Read at : Google Alert - drought
http://edition.cnn.com/2008/WORLD/europe/04/18/spain.drought/
Spain suffers worst drought
From CNN Madrid Bureau Chief Al Goodman
MADRID, Spain (CNN) — Spain is reeling from its most severe drought in 70 years with the nation’s reservoirs on average just half full, the Environment Ministry reports. Rainfall has been less than half of what’s considered normal for the last six months and reservoir levels were already low after two years in which normal rain levels failed to rebound from the driest 12 months on record — October 1, 2004 to September 30, 2005. The worst-hit areas are the Catalonia region — whose capital, Barcelona, is the nation’s second-largest city — and central Spain in the Castilla-La Mancha region near Madrid, according to Antonio Mestre, a climate specialist at the State Meteorological Agency in Madrid.
The Baells reservoir near Barcelona is about 20 percent full, and in some places it appears to be bone dry. A little row boat could this week be seen resting on the sandy dirt bottom of the reservoir.

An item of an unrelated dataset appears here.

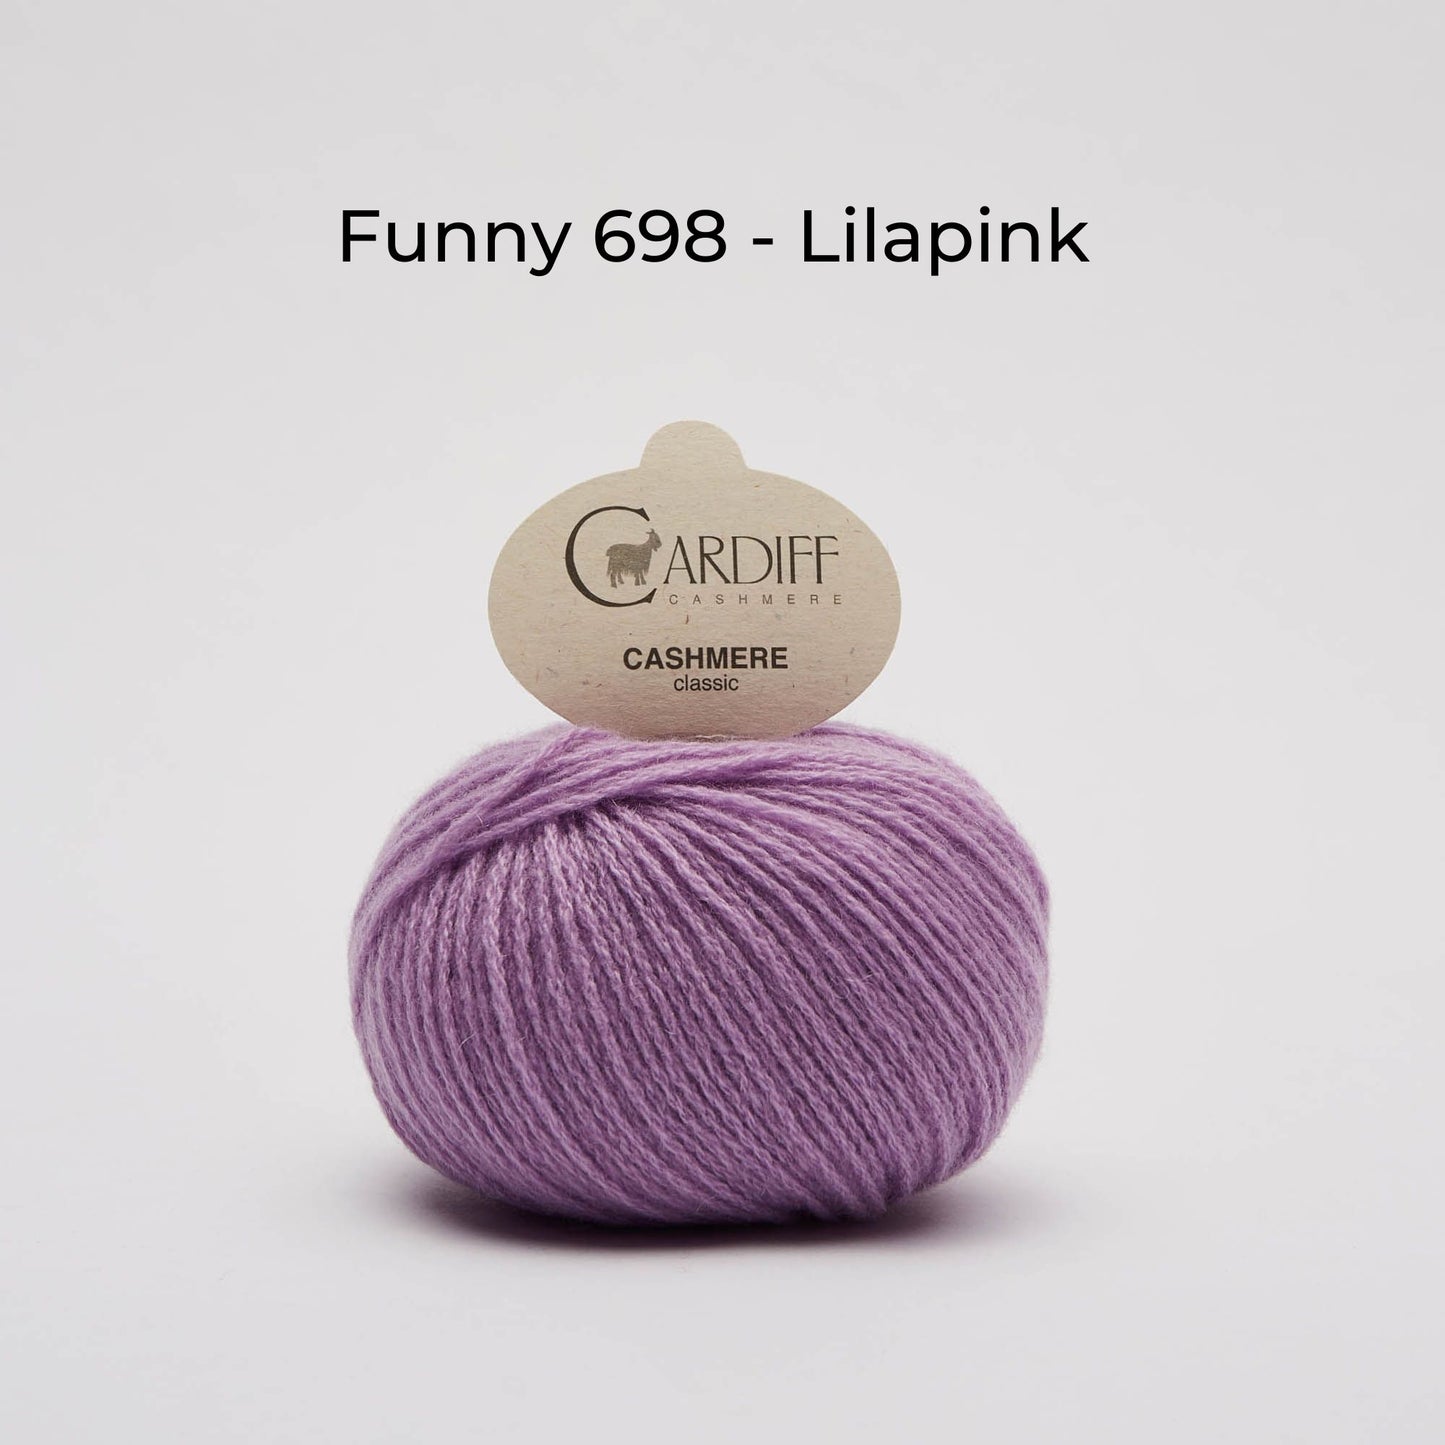 Wollknäuel, Cardiff Cashmere Classic, Farbe Lilapink, Funny 698

In a nearby village, Gelida, trucks already bring drinking water every week because the town’s three wells are too dry.
It’s become a political headache for Socialist Prime Minister Jose Luis Rodriguez Zapatero, who is just starting his second term.

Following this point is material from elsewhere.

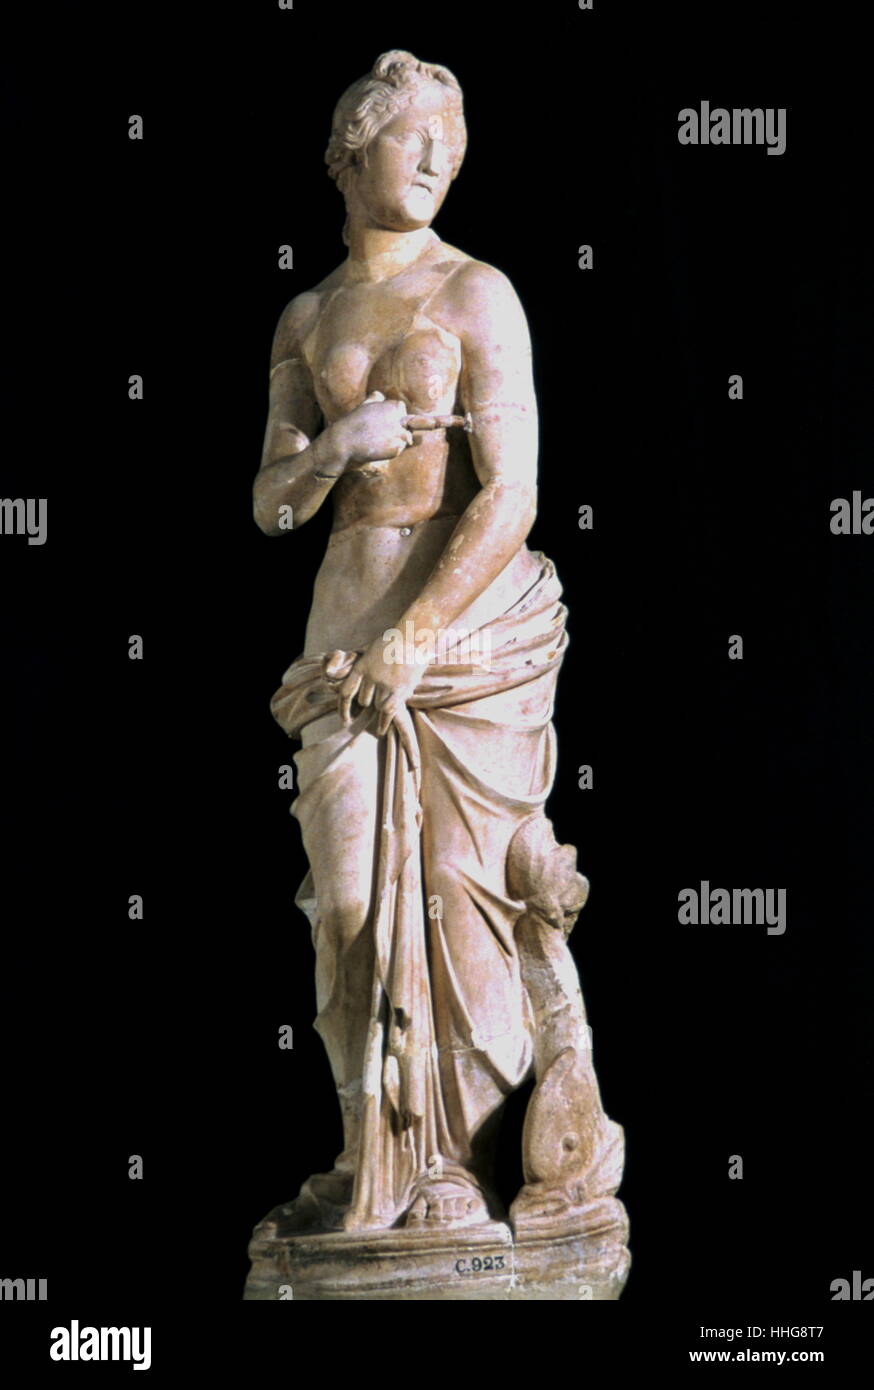 2nd century statue of Venus, Roman goddess of love and beauty, displayed at the Bardo museum in Tunis Stock Photo

“Despite the difficult drought years,” Zapatero said in the investiture debate in parliament, “there’s been no shortage of drinking water anywhere in the country.”

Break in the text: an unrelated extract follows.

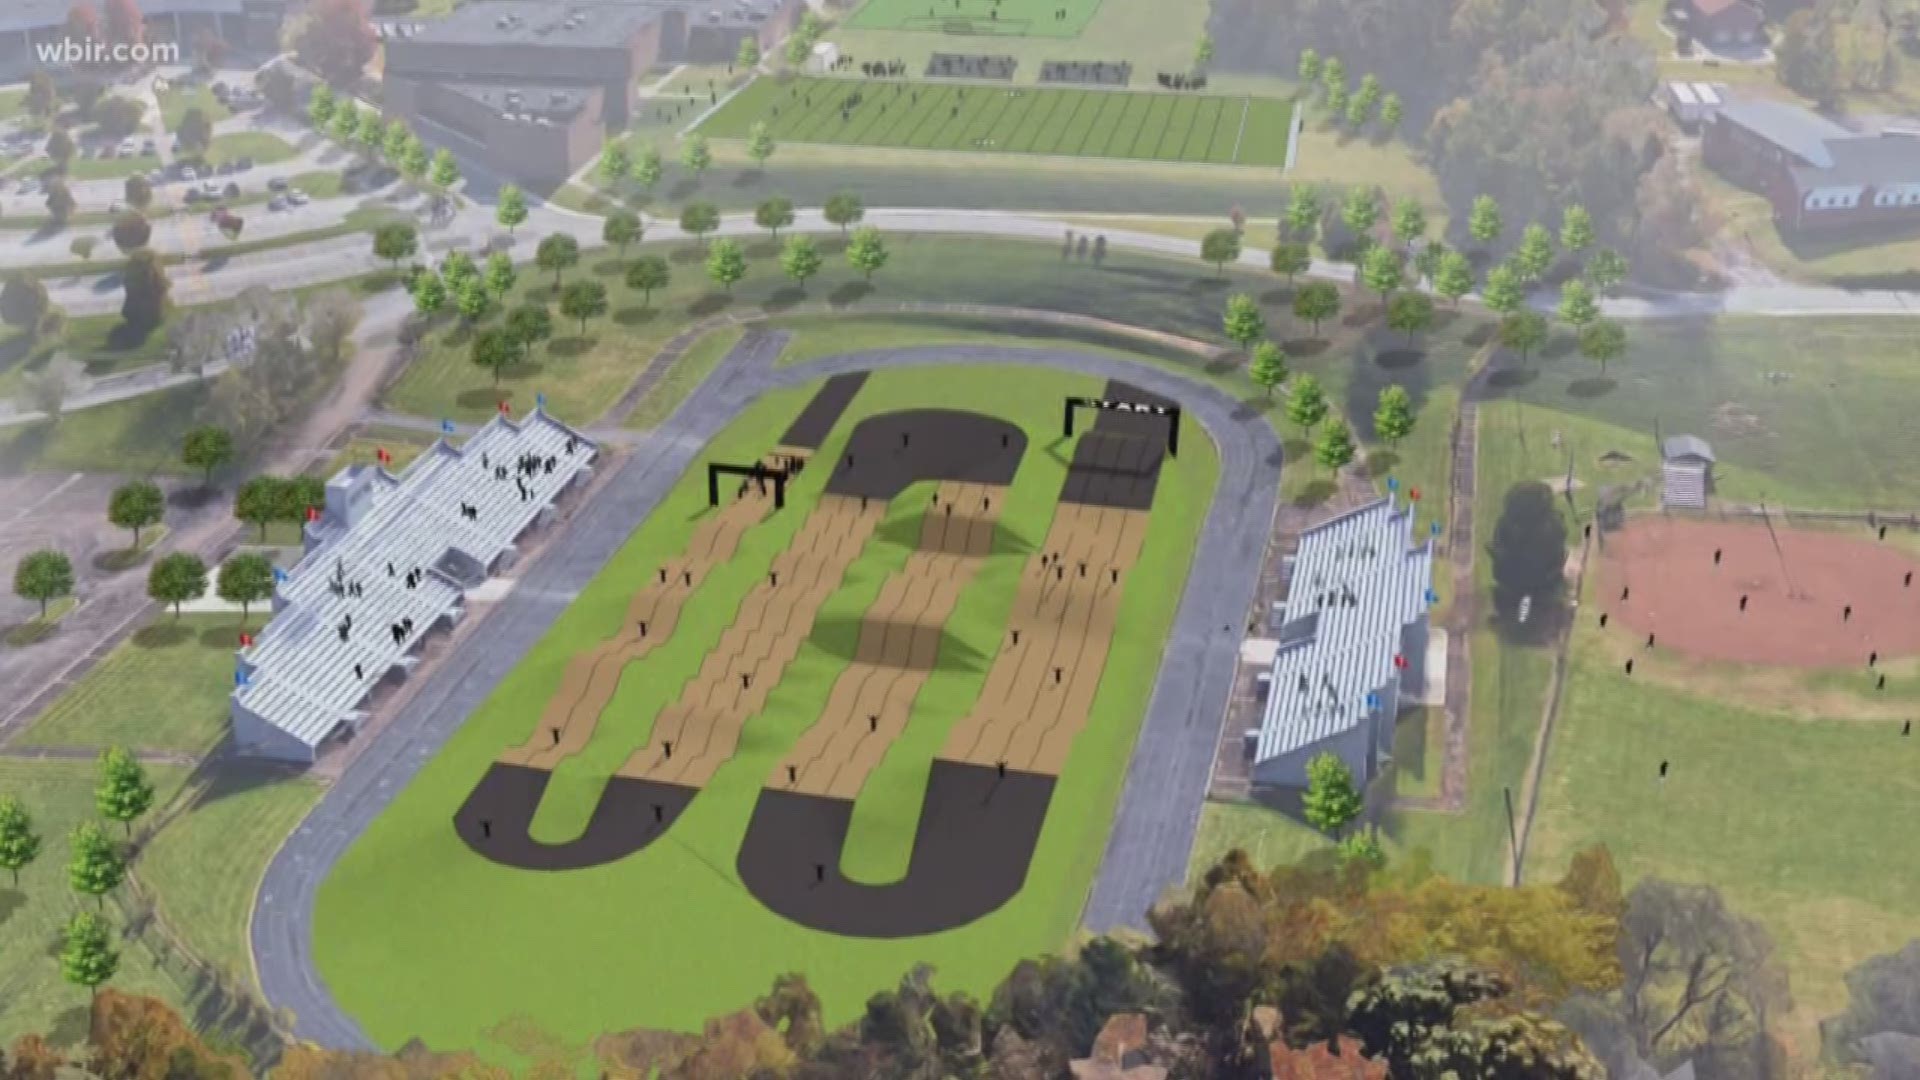 The plan to build a BMX track at South Doyle Middle School is on hold.

But Barcelona might run out by October.
The government has decided to quickly build a water pipeline for 60 kilometers (37 miles) along the major AP-7 highway, to pump water in to Barcelona, if necessary by the autumn and depending on reservoir levels at that time. The project would cost 180 million euros ($280 million).
The water would come from the Ebro river and that has sparked protests from the regional governments of Valencia and Murcia, down the Mediterranean coast from Barcelona, that the central government is favoring Barcelona.
Valencia and Murcia leaders this week threatened to take the case to the Constitutional Court, the highest in Spain.